Pode ser, por exemplo:
- adaptador Wi-Fi;
- Bluetooth;
- placa de vídeo;
- controlador de áudio;
- webcam;
- impressora;
- controlador USB;
- placa Ethernet;
- dispositivo PCI;
- leitor de cartões.
Clique com o botão direito e abra:
Propriedades
Depois acesse:
Driver
Normalmente encontraremos informações como:
Fornecedor do driver
Data do driver
Versão do driver
Essas três informações já ajudam bastante.
Imagine o seguinte cenário:
Fornecedor:
Intel
Data:
15/04/2026
Versão:
23.x.x.x
Você instala manualmente outro pacote.
Depois de reiniciar, verifica novamente e encontra:
Fornecedor:
Microsoft
ou outra versão do fabricante.
Isso comprova que houve alguma alteração.
Mas ainda não sabemos qual pacote INF está controlando o dispositivo.
Para isso precisamos ir mais fundo.
Descobrindo o INF associado ao dispositivo
Volte para:
Propriedades → Detalhes
No menu Propriedade, procure informações relacionadas ao INF ou ao nome publicado do driver, quando disponíveis.
Dependendo do dispositivo e da versão do Windows, você poderá encontrar referências como:
oem42.inf
Esse pequeno nome é extremamente importante.
O arquivo:
oem42.inf
não significa que o fabricante criou originalmente um driver chamado oem42.
Esse é o nome publicado atribuído ao pacote quando ele foi adicionado ao Driver Store.

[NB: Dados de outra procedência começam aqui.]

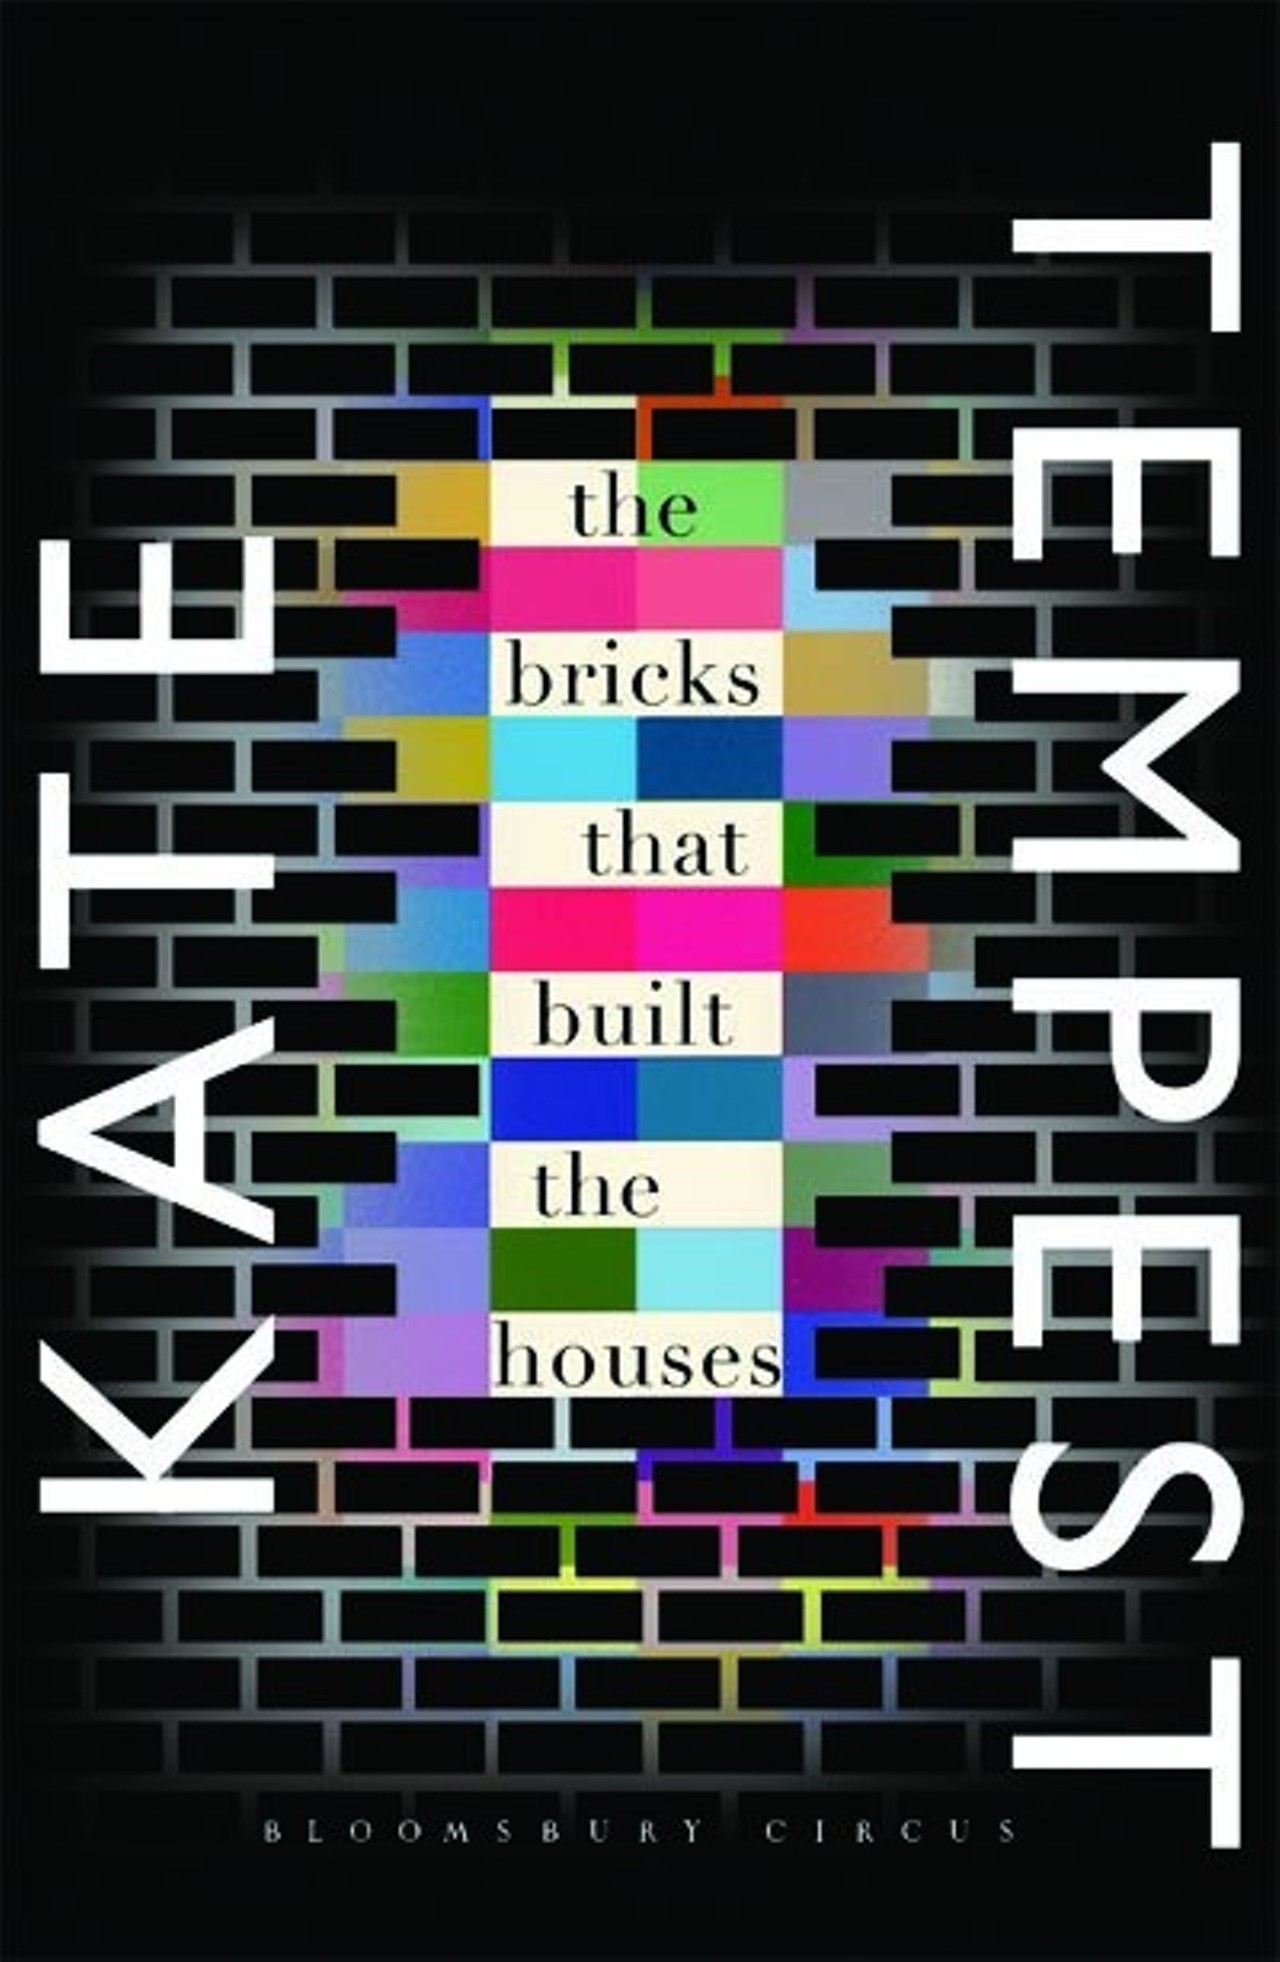 The Bricks That Built The Houses by Kate Tempest -
Kate Tempest, best known in the U.K. as a hip-hop artist, spoken word poet and playwright, broke onto the literary scene this year with this energetic and chaotic debut, her first work of fiction. Her background in poetry and hip-hop are on display through her prose, but also through the gritty realism of how she depicts urban life in England via an interweaving love story about three friends on the run from past mistakes and drug deals gone wrong.

O pacote original poderia ter outro nome.
Depois que o Windows o adiciona ao repositório, ele pode receber um nome publicado no formato:
oemXX.inf
Por exemplo:
oem12.inf
oem27.inf
oem42.inf
oem105.inf
Isso permite que o Windows diferencie os diversos pacotes de terceiros armazenados no sistema.
E existe uma ferramenta nativa excelente para trabalhar com essas informações:
PnPUtil
O PnPUtil.exe acompanha o Windows e permite administrar diferentes aspectos do Plug and Play e dos pacotes de drivers.
Abra o Terminal como administrador.
Você pode usar Windows Terminal, PowerShell ou Prompt de Comando.
Digite:
pnputil /enum-drivers
O Windows apresentará os pacotes de drivers de terceiros presentes no Driver Store.
A saída pode conter informações semelhantes a:
Published Name: oem42.inf
Original Name: exemplo.inf
Provider Name: Fabricante
Class Name: Net
Driver Version: 04/15/2026 23.x.x.x
Signer Name: Microsoft Windows Hardware Compatibility Publisher
Os nomes apresentados podem variar conforme idioma e versão do Windows, mas o princípio é o mesmo.
Agora começamos a enxergar algo que o Gerenciador de Dispositivos normalmente não deixa tão evidente.
Podemos ter vários pacotes relacionados ao mesmo fabricante ou classe armazenados no computador.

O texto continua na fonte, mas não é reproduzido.